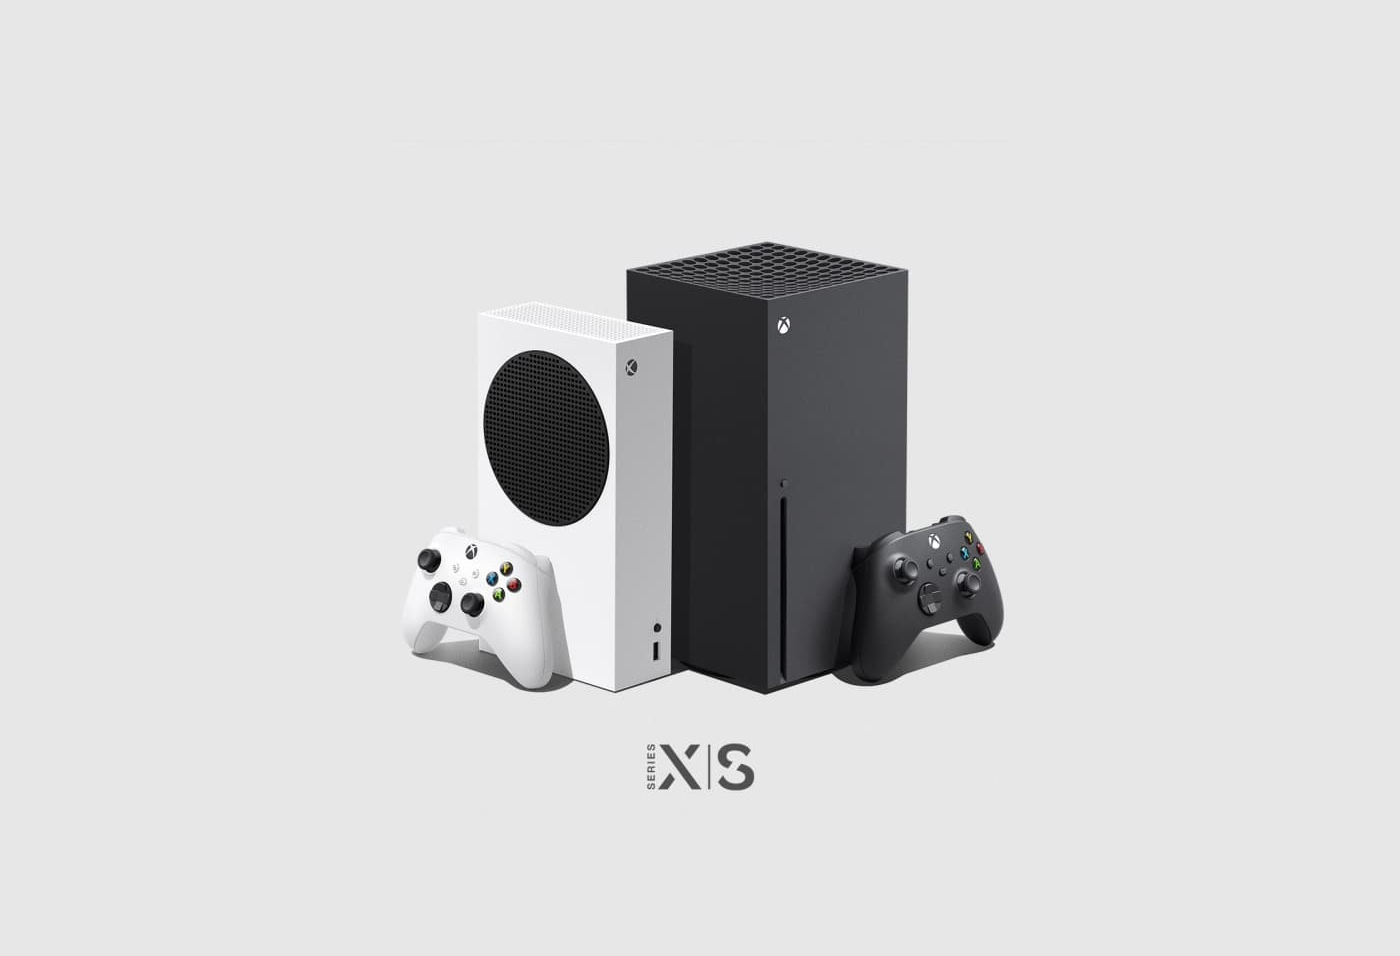 Pré-Venda Dos Xbox Series X|S Começa Nesta Terça, 12h
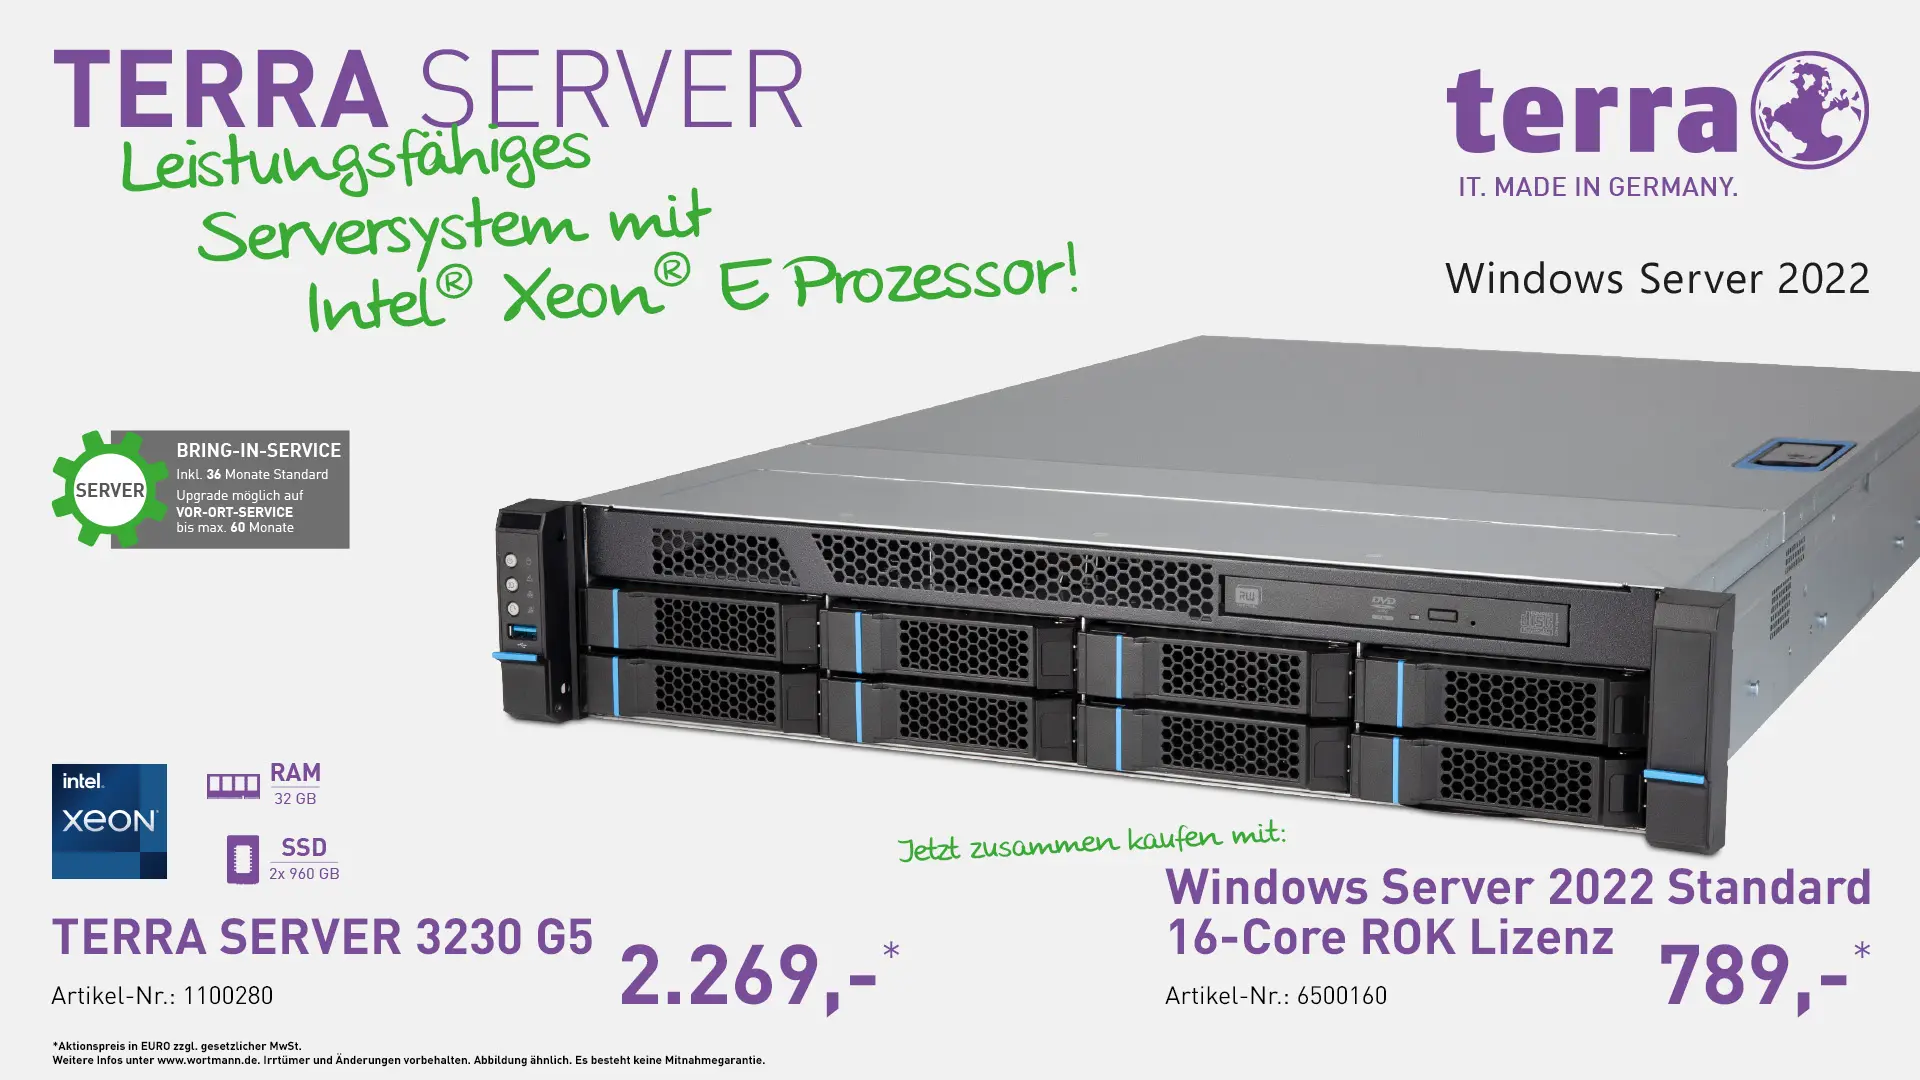 Terra Server 3230 G5 & Windows Server 2022 Standard 16-Core ROK Lizenz
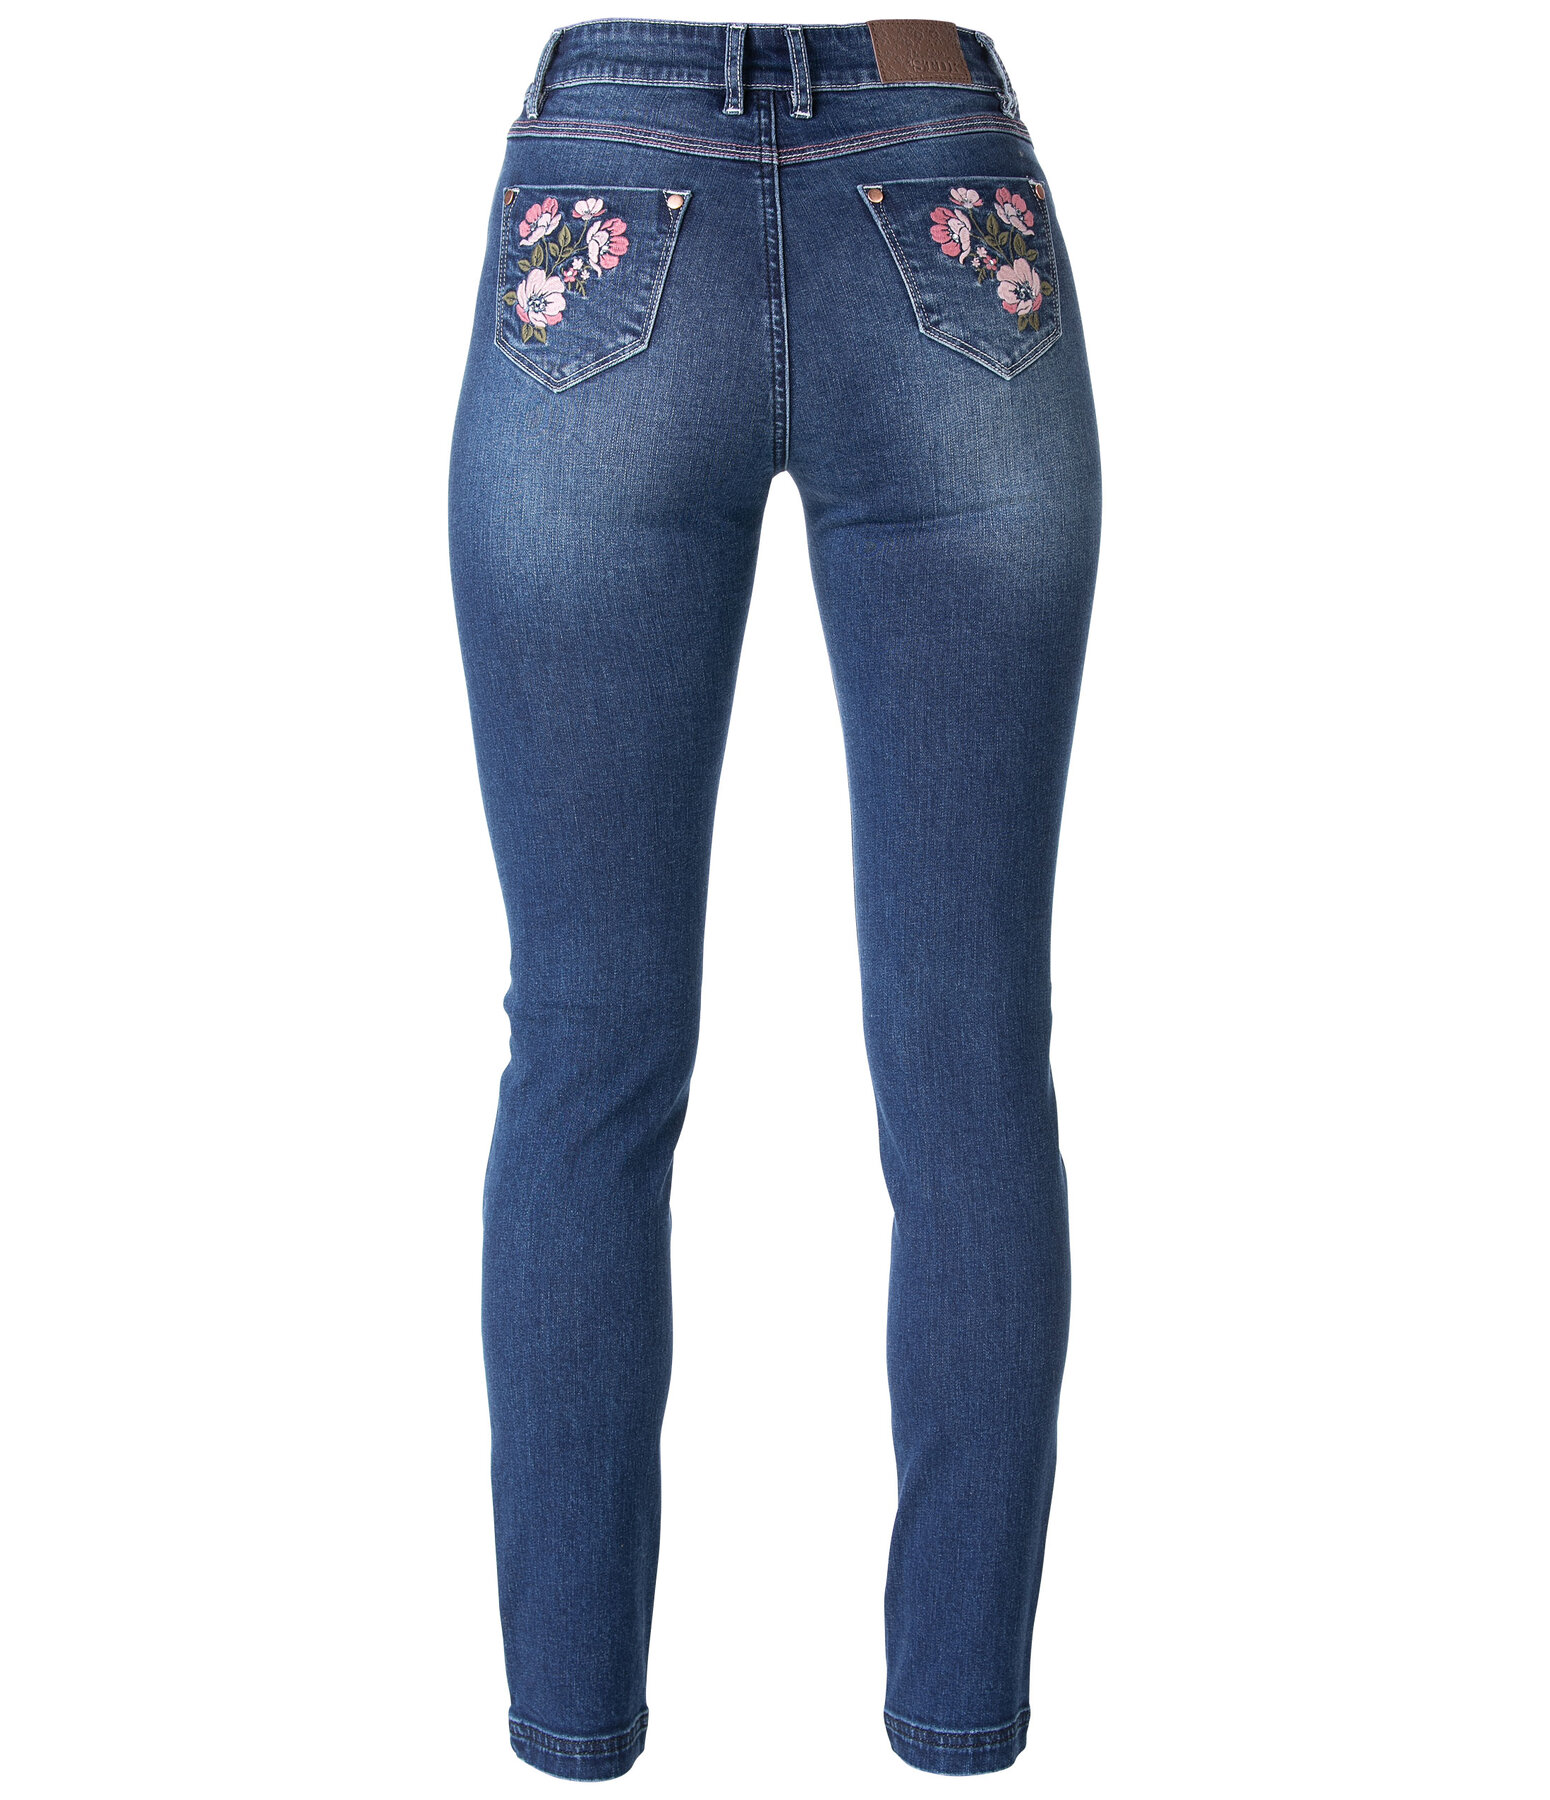 Jeans Floral Heaven Length 32

+-------+

• Exercise:
The result should be the material above, unchanged and free of pictures; please print it.

• Answer for this exercise:
 Pré-Venda Dos Xbox Series X|S Começa Nesta Terça, 12h
 Terra Server 3230 G5 & Windows Server 2022 Standard 16-Core ROK Lizenz
 Jeans Floral Heaven Length 32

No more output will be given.